I have not had an easy life. My parents went through a nasty divorce when I was 7 years old, and I didn’t handle it well. My family did not have much money growing up, but I had the opportunity to go to a Catholic school until I chose to go somewhere else. I am estranged from my father, but my step-dad happily accepted my sister and I even when I did not want to accept him. When I was 17, I was hit head-on by a drunk driver going 70mph on a neighborhood road one sunny Saturday afternoon. I spent more than half of my senior year of high school on crutches trying to heal an ankle that never worked properly again. But I’m still here to tell the tale. Not every innocent person hit by someone who’s been drinking is so lucky.
I’ve not always been grateful for what I had. Sometimes, growing up, I’d find myself wondering why I couldn’t have a more “normal” family.
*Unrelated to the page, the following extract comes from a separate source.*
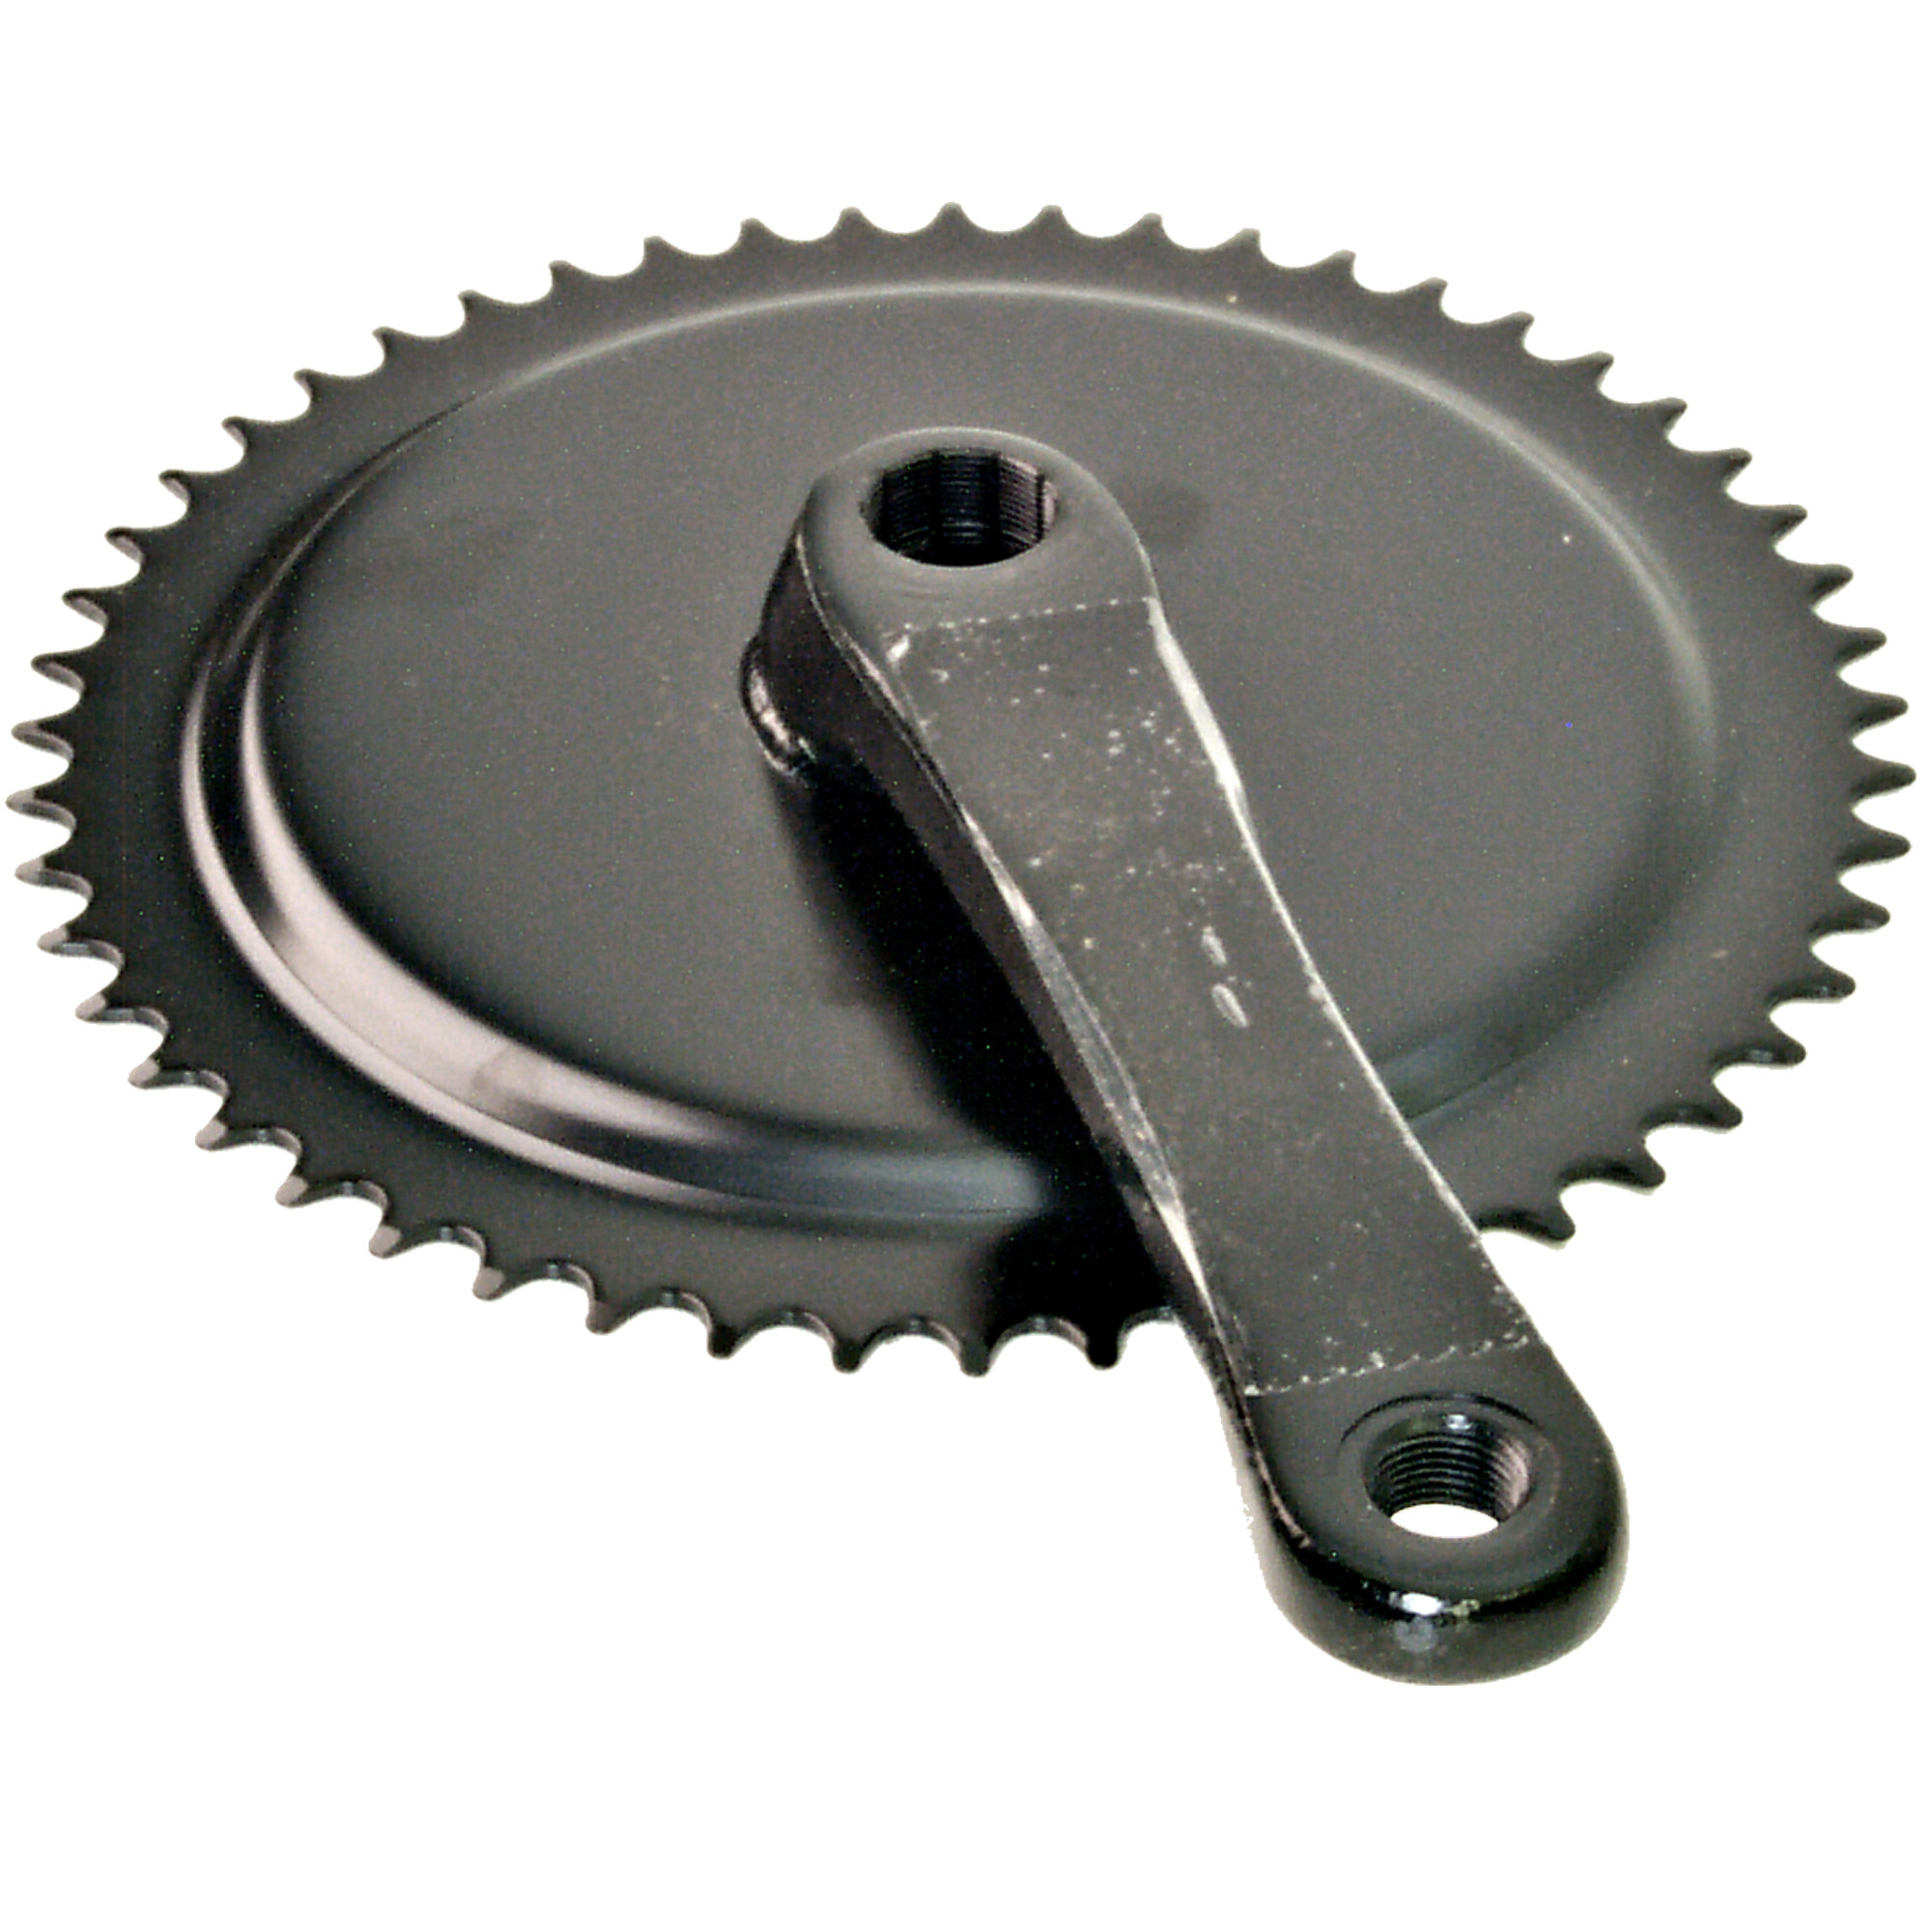 Right Crank Arm with Sprocket, ISIS, 3/32" x 52 Tooth, Schwinn
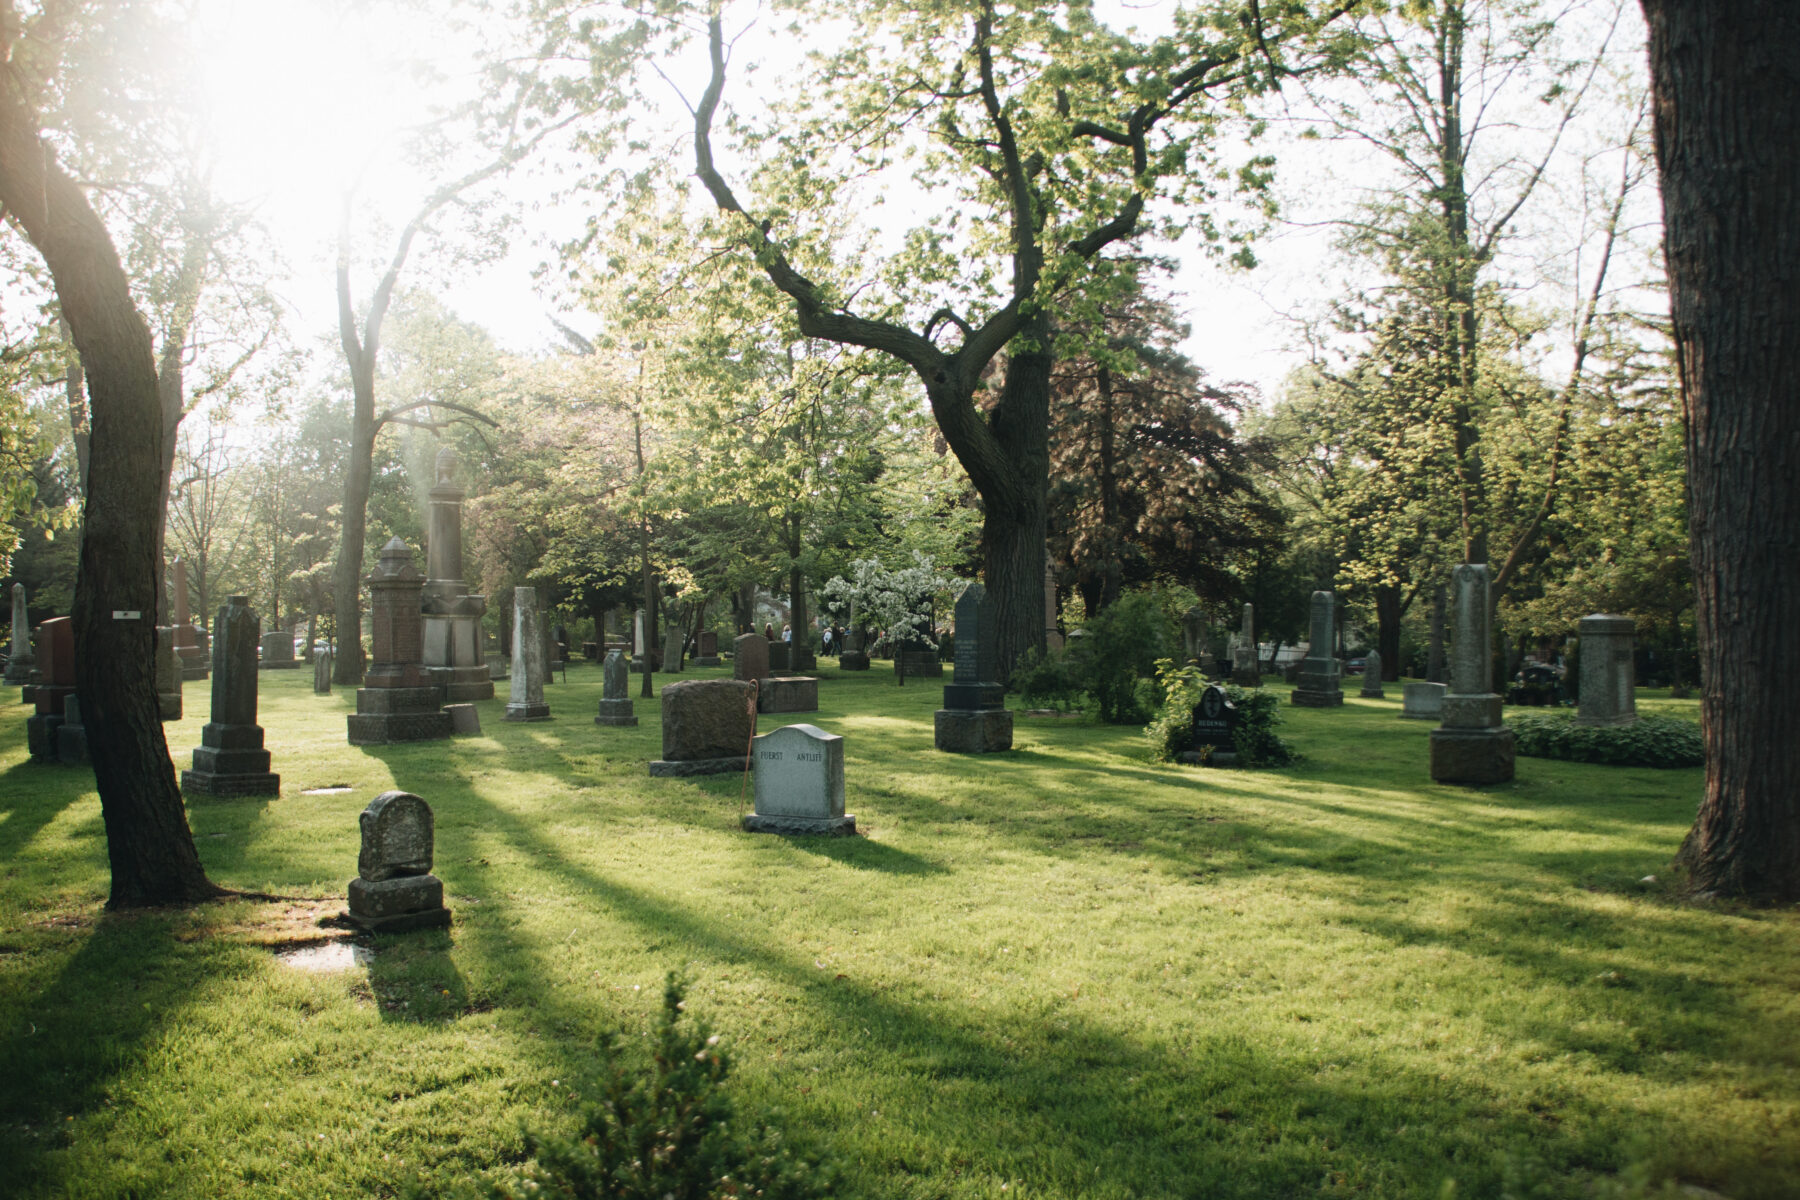 Several grave stones appear in a park-like setting with large mature trees throughout and a bright ray of sunshine visible on the upper left, casting shadows throughout the image.

Why was I the unlucky one in that guy’s way on that particular Saturday afternoon? Why are all my friends getting married when I still haven’t found “the one”? Why can’t I seem to catch a break?
But now that I am on this side of cancer, I realize that I have every reason in the book to be grateful. Maybe my mother was smart and ridiculously courageous to strike out on her own. To get my sister and I (and herself) out of a bad situation. She was brave enough to try marriage again to a man who accepted us all without question. Even when I was a completely ungrateful, 12-year-old asshole. Maybe I took the brunt of that car accident so that my sister could walk away from it. I may live with chronic pain because of my injuries sustained that day, but I’d do it all over again if it meant protecting my sister if she’d happened to have been in my place that day. And I may have skin on my chest that no longer has feeling from armpit to armpit (my friends may forever be on “boob watch” if I ever happen to be wearing a loose or low-cut top), but I’ve got my life. And I’ve got my health. And, most importantly, I’ve got time.
So yes, this side of cancer, despite all the issues I still have to overcome, has me feeling very grateful for having issues to overcome at all. And I’m writing this in the hopes that if I ever find myself forgetting how lucky I am, that I’ll be able to come back to this post and remind myself.
And I hope anyone reading this can remember to be grateful for the life they’ve been given as well. Warts and all.